TASK BRIEF ▸ Look below for the line with "6 Best Images"; begin the copy there and stop after the line with "Tyndall Diner", keeping the text exact and the pictures out.

EXTRACTED DATA ▸

******

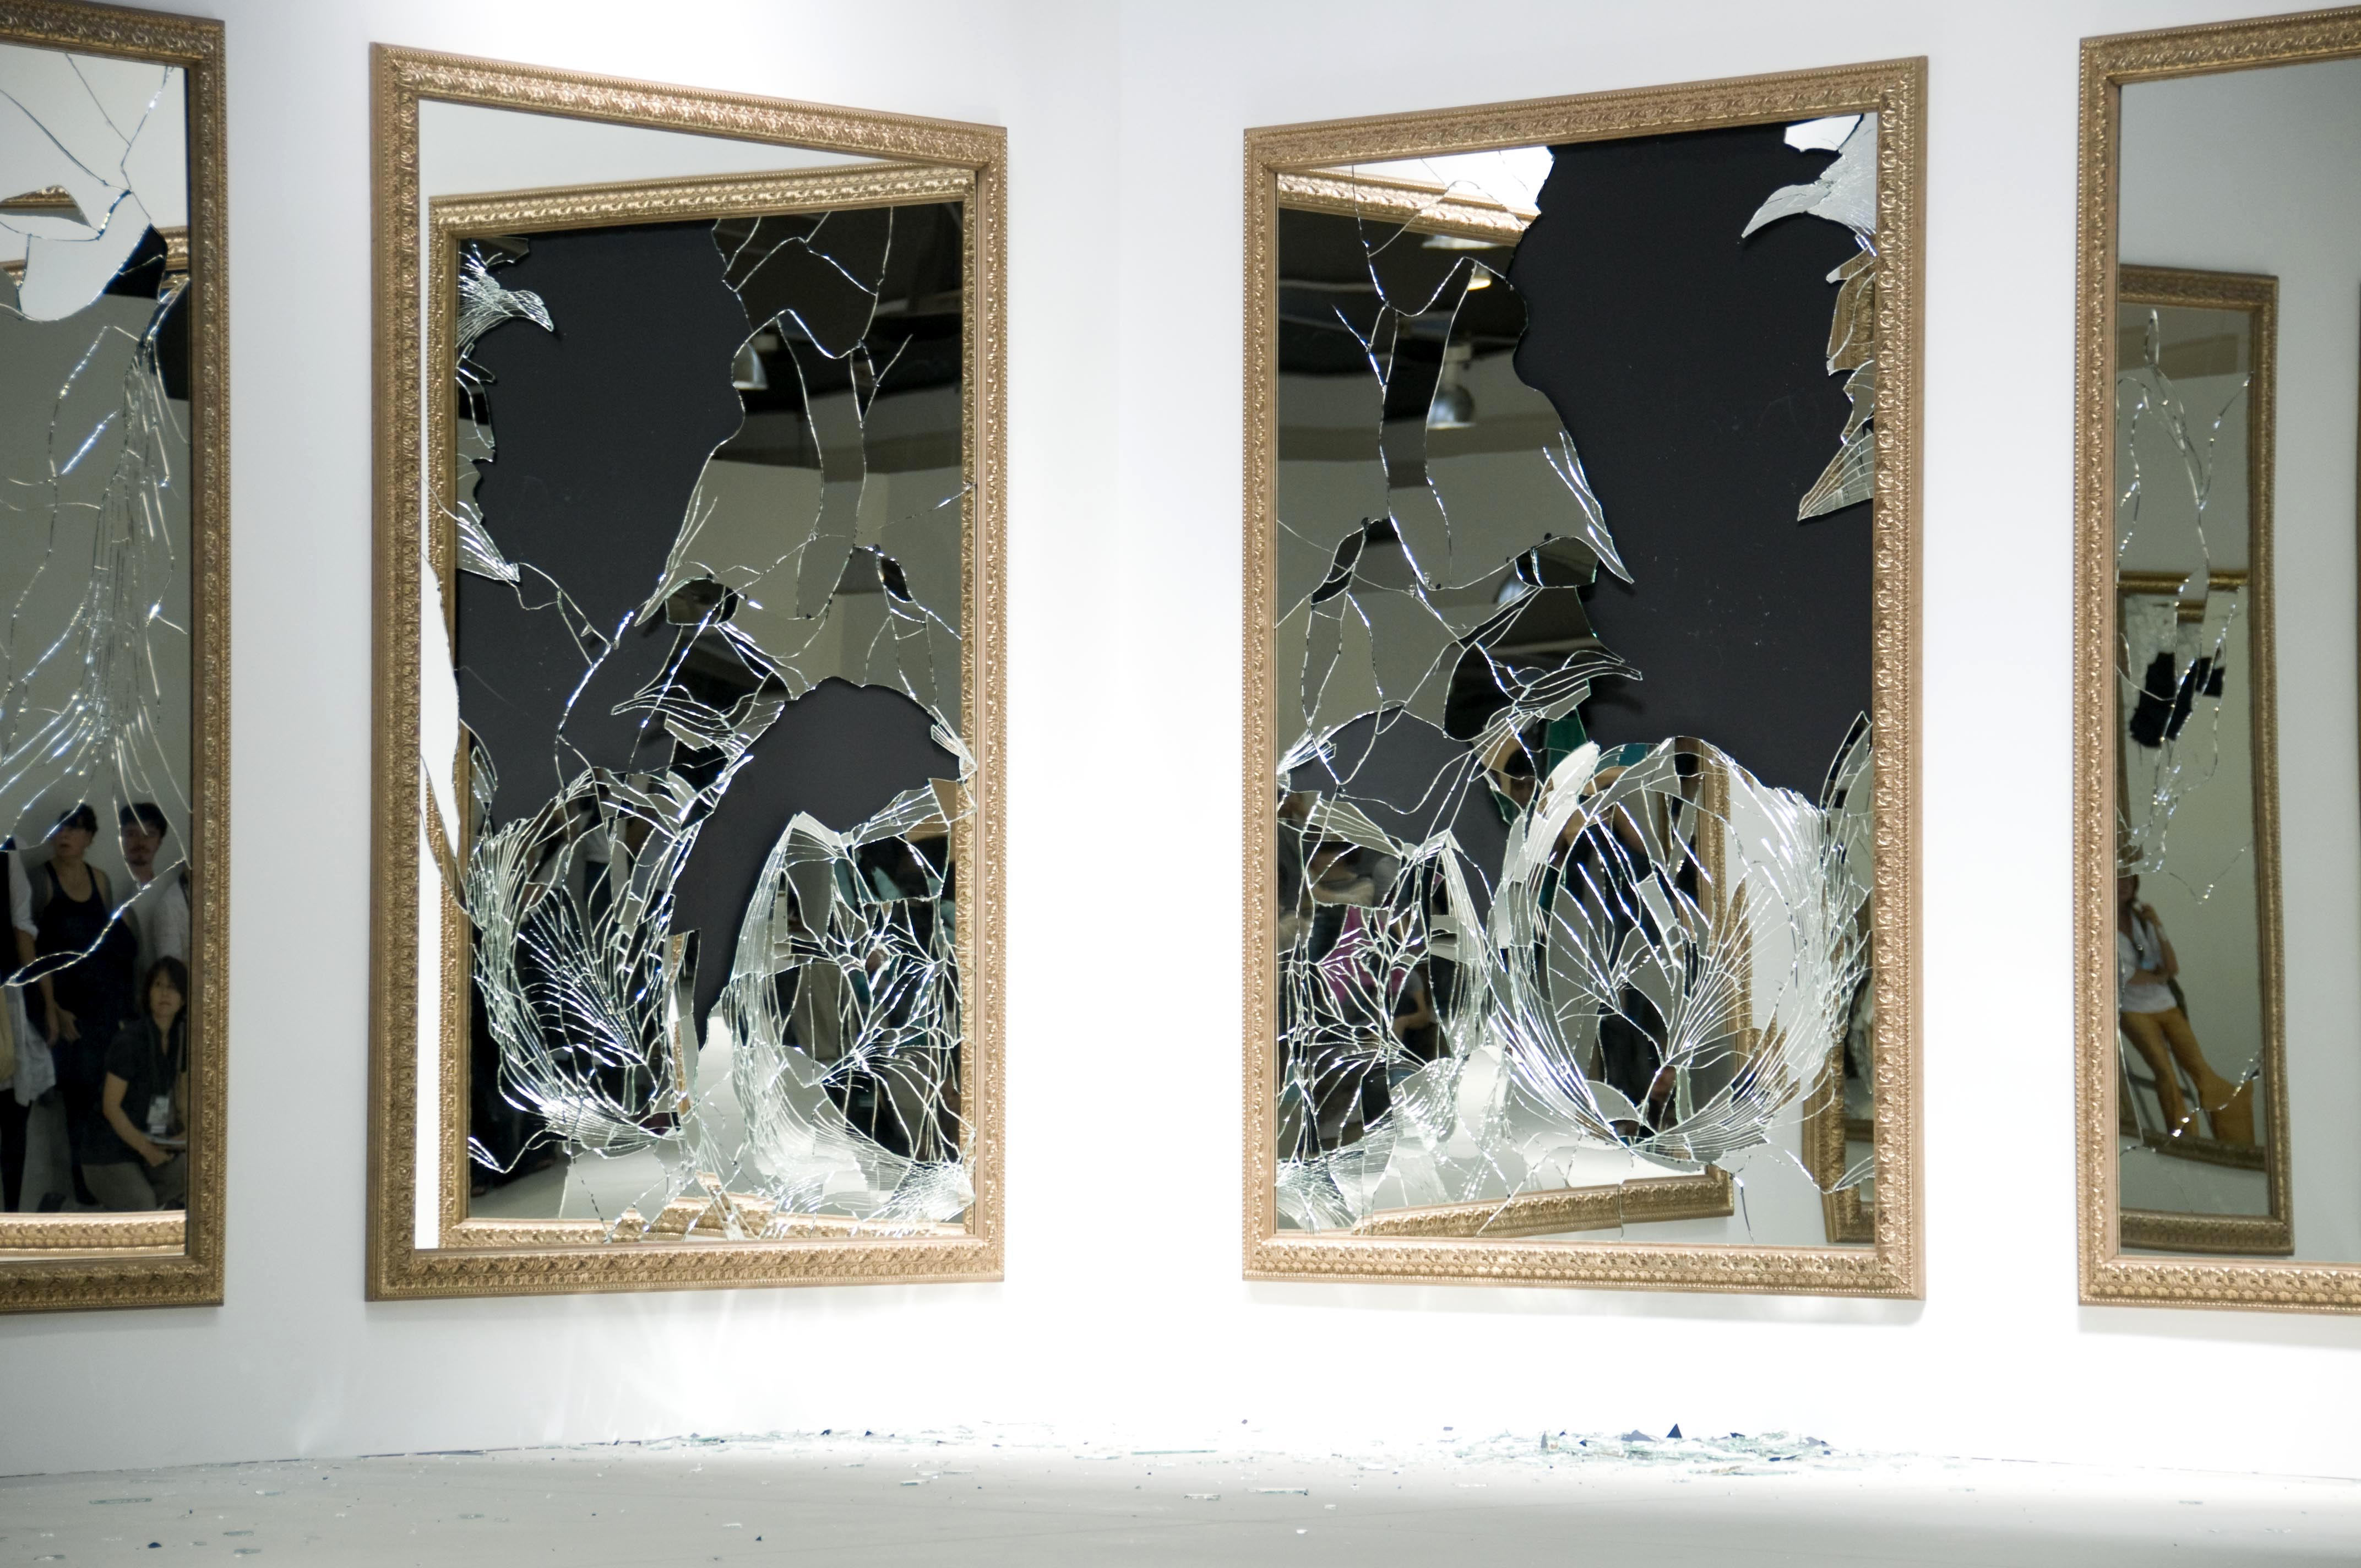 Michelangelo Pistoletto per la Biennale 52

******

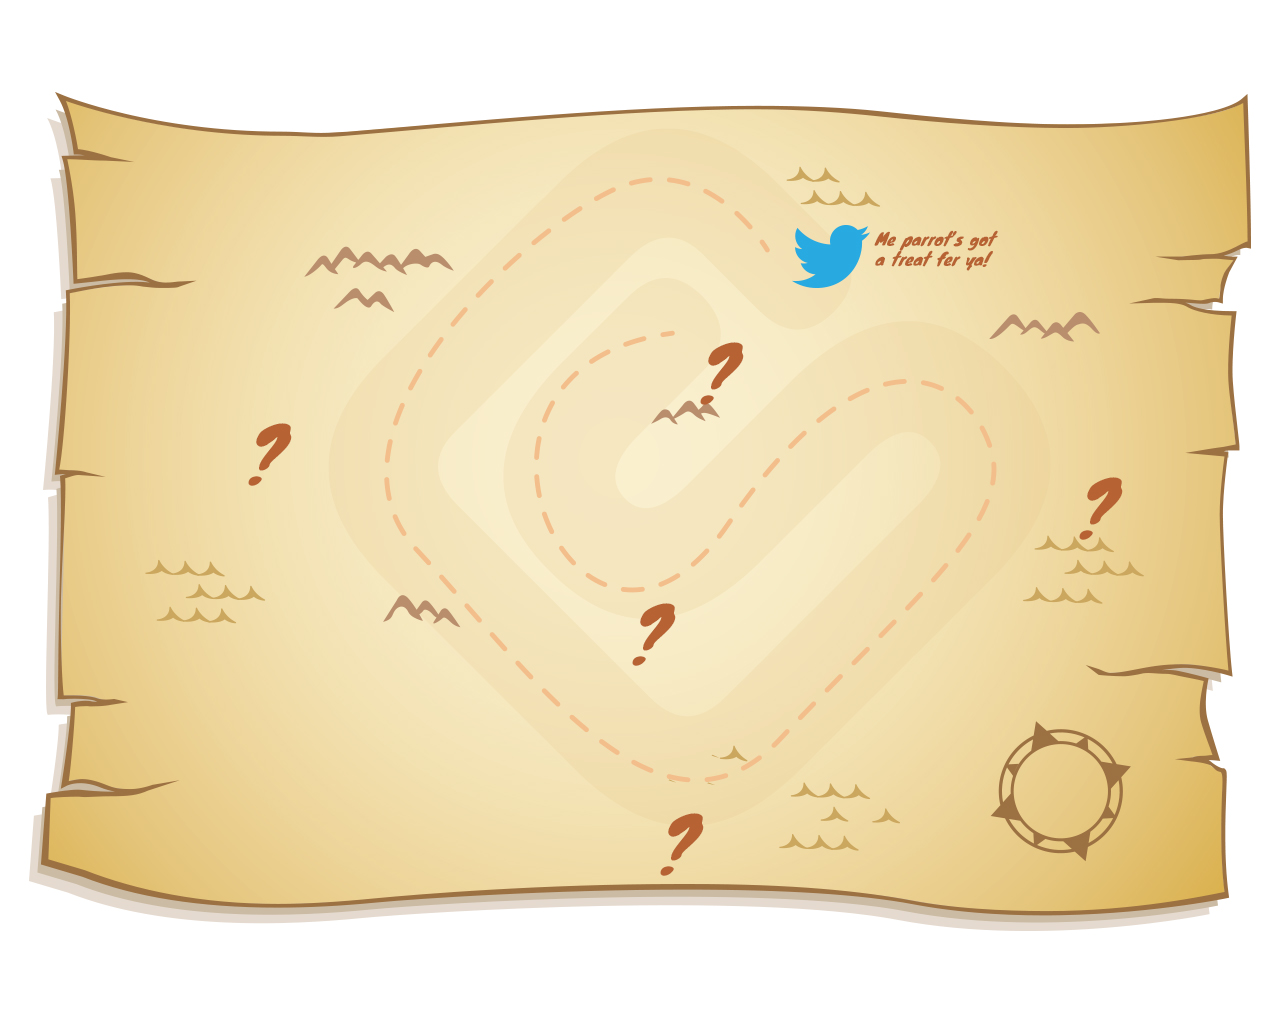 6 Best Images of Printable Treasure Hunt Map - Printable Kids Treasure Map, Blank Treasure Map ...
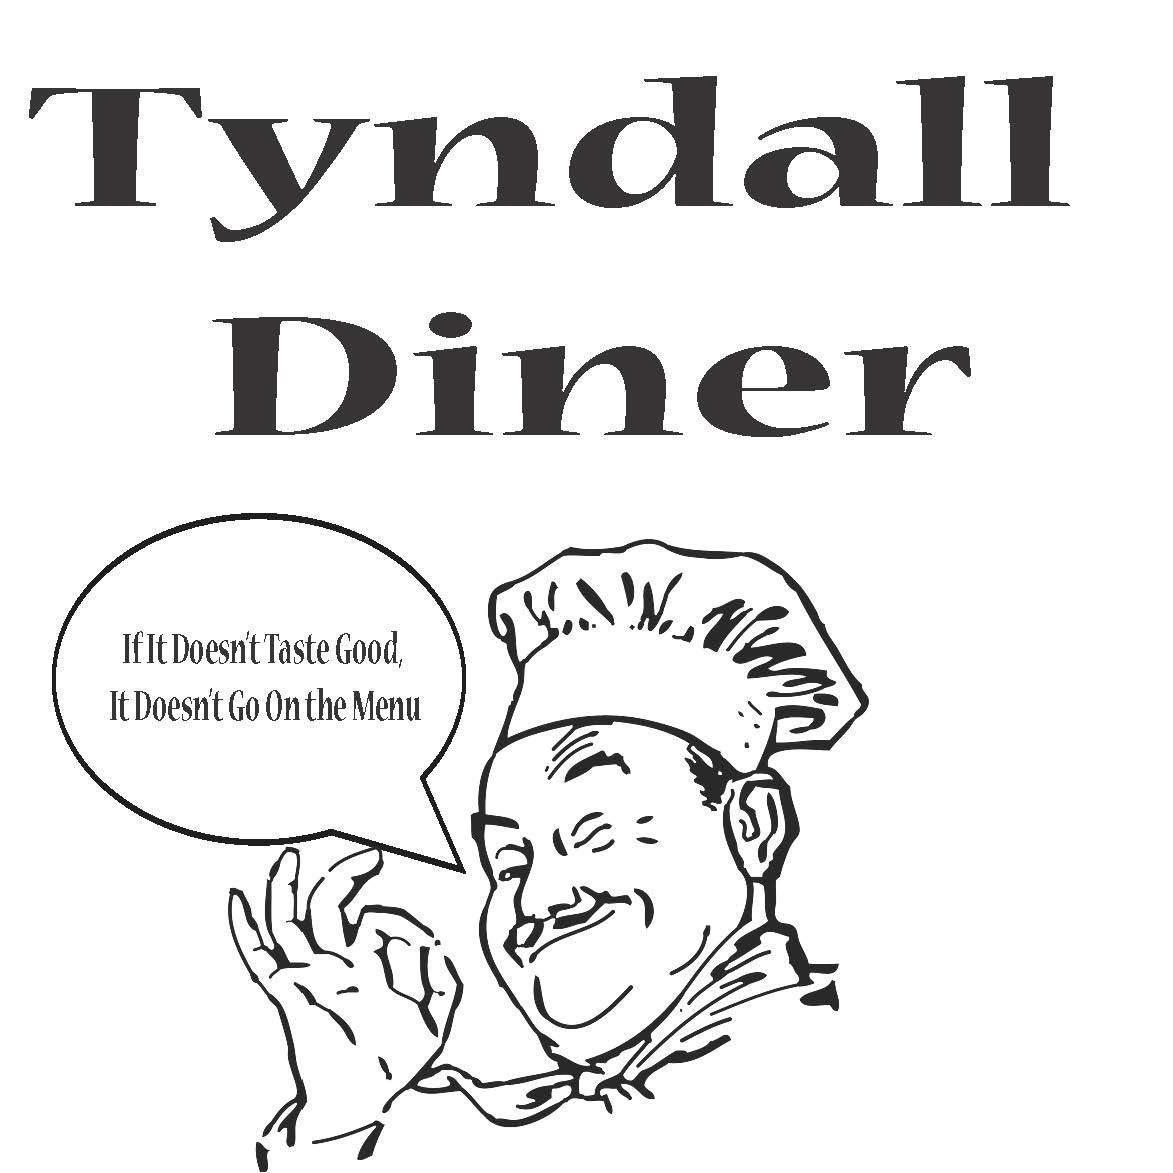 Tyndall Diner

******

WRITTEN SOLUTION ▸
 6 Best Images of Printable Treasure Hunt Map - Printable Kids Treasure Map, Blank Treasure Map ...
 Tyndall Diner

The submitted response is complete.